農林委員会 第16号
- 発言数
- 22 件
- 登壇者
- 8 名
- 会派数
- 5
- 開催日
- 1949/12/02
会議録
○小笠原委員長 これより会議を開きます。 議事に入る前に理事の補欠選任及び小委員の補欠選任を行います。昨一日、委員保利茂君が委員を辞任せられ、その補欠として、同日議長において寺島隆太郎君が委員に指名せられました。委員を辞任せられました保利茂君は理事でありましたので、理事の補欠選任を行わねばなりません。
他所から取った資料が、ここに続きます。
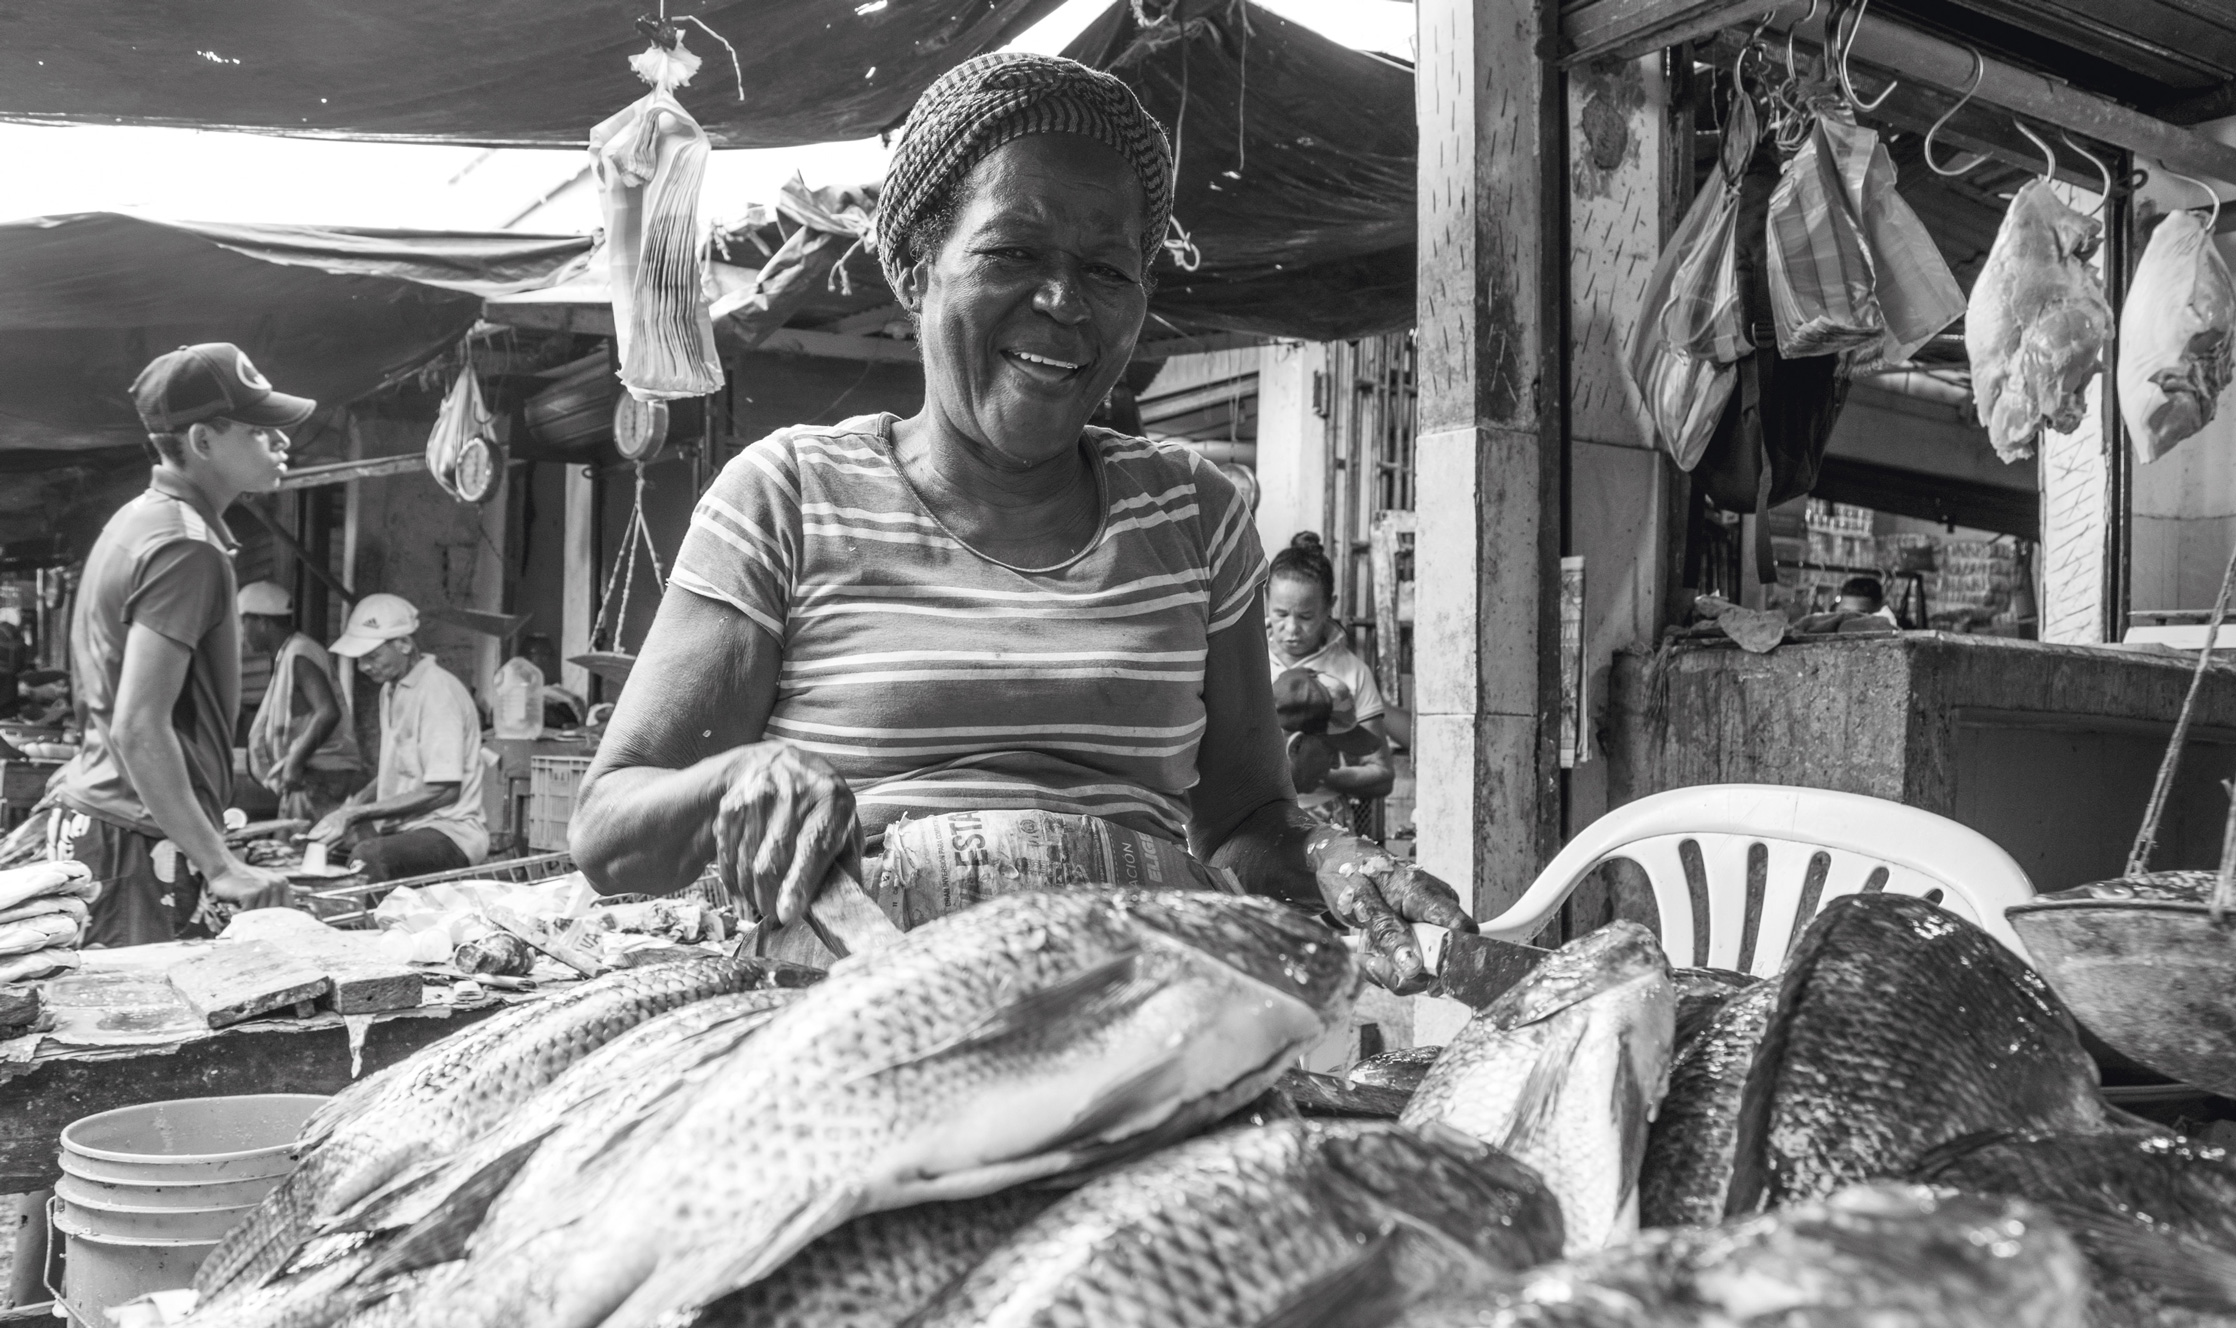 CARMEN Vendedora de pescado / Fishmonger
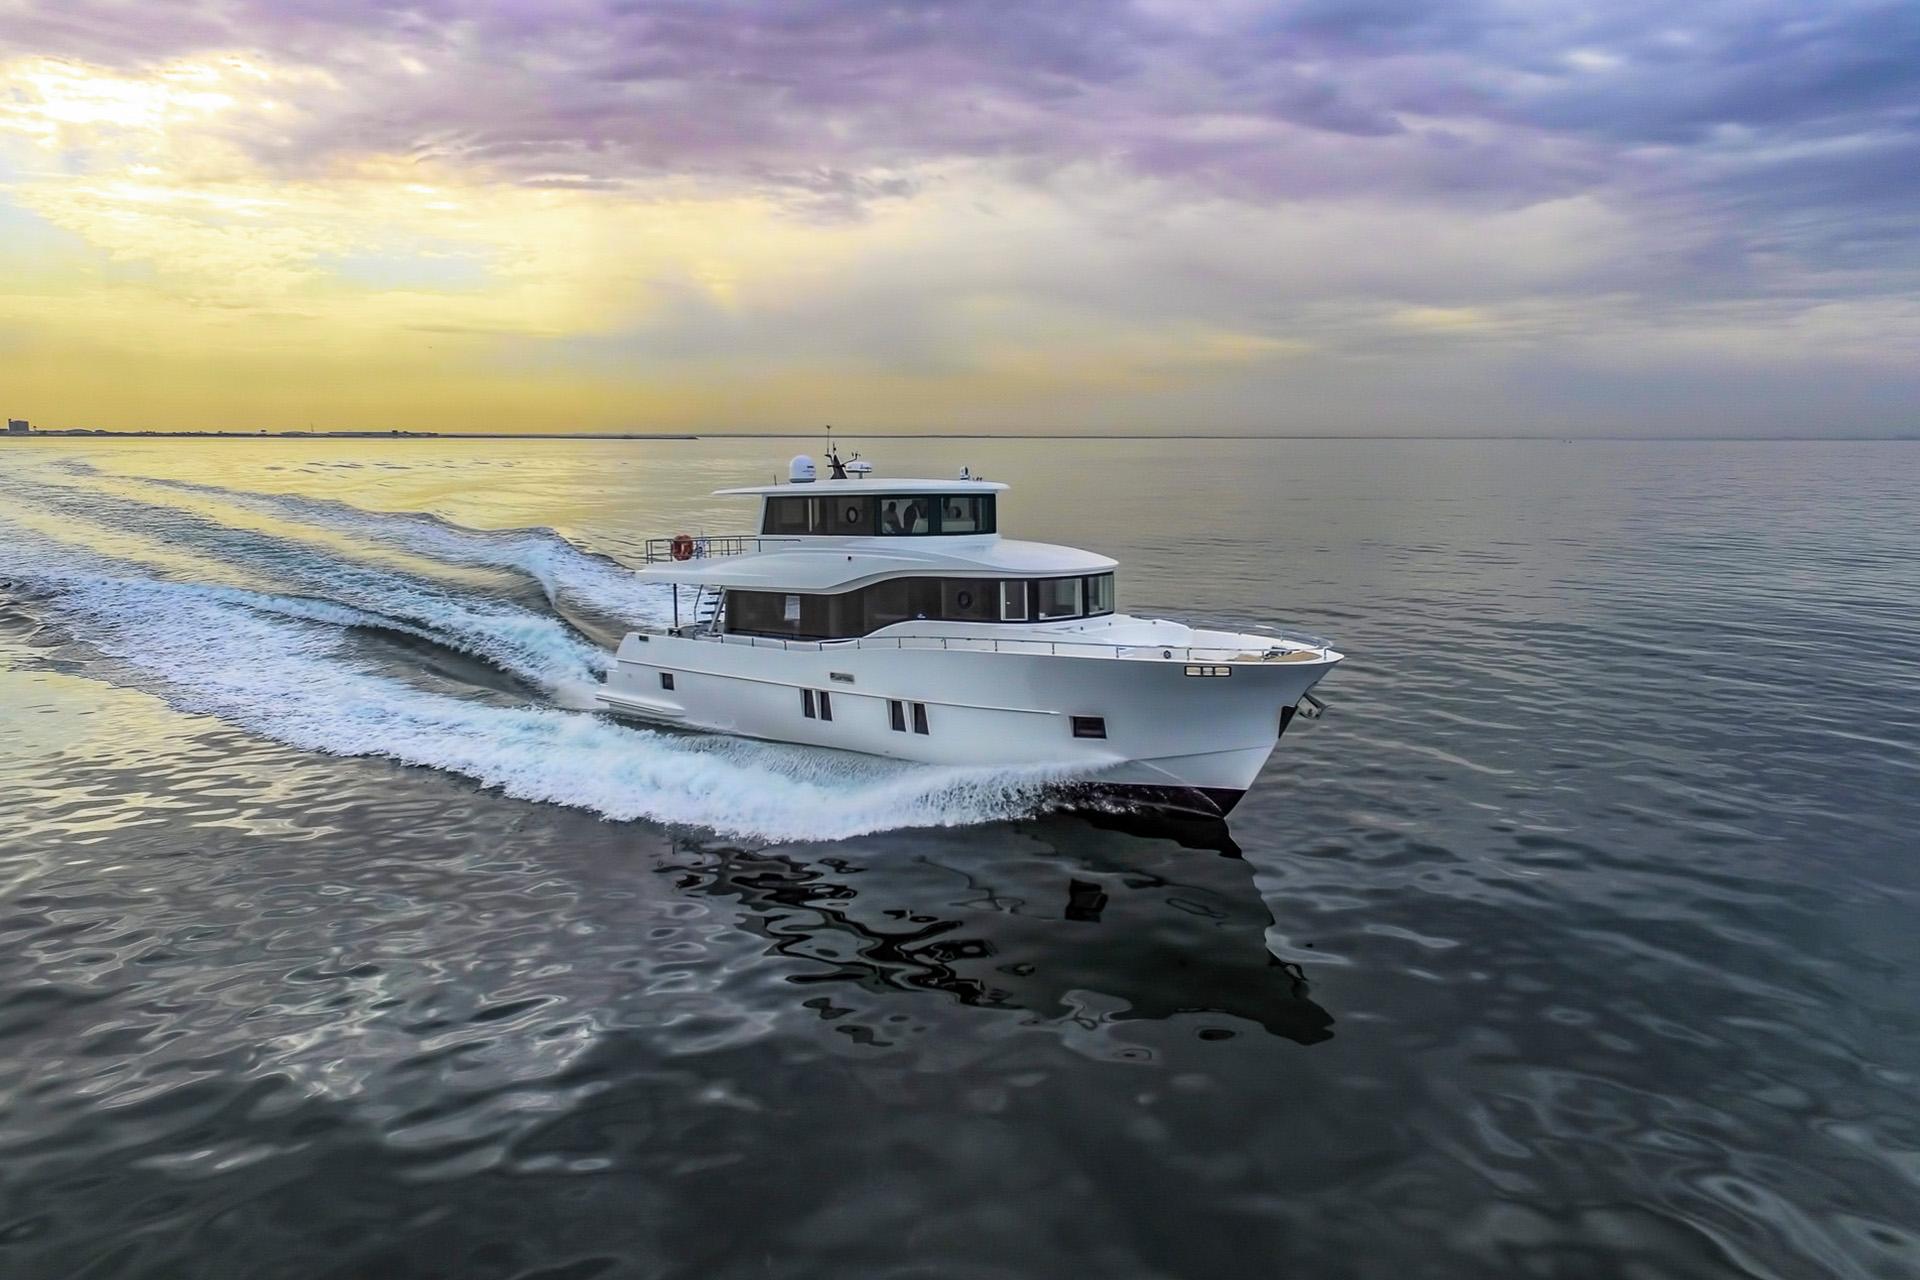 Nomad 65 SUV - Nomad Yachts by - Drettmann Yachts

これは先例によりまして、委員長において指名するに御異議ありませんか。 〔「異議なし」と呼ぶ者あり〕
○小笠原委員長 御異議なしと認めます。それでは寺島隆太郎君を理事に指名いたします。 次に小委員の補欠選任を行います。去る十一月二十八日、委員中垣國男君が委員を辞任せられ、同日田中伊三次君が議長において委員に指名され、また昨日田中伊三次君が委員を辞任せられ、同日中垣國男君が委員に指名されました。委員を辞任せられました中垣國男君は、肥料に関する小委員でありましたので、その補欠選任を行わねばなりません。これは先例によりまして、委員長において指名するに御異議ありませんか。 〔「異議なし」と呼ぶ者あり〕
○小笠原委員長 御異議なしと認めます。それでは中垣國男君を肥料に関する小委員に指名いたします。 それでは前会に引続き、油糧配給公団法の一部を改正する法律案、肥料配給公団令の一部を改正する法律案を一括して議題とし、討論に入ります。討論は通告願によつてこれを許します。石井繁丸君。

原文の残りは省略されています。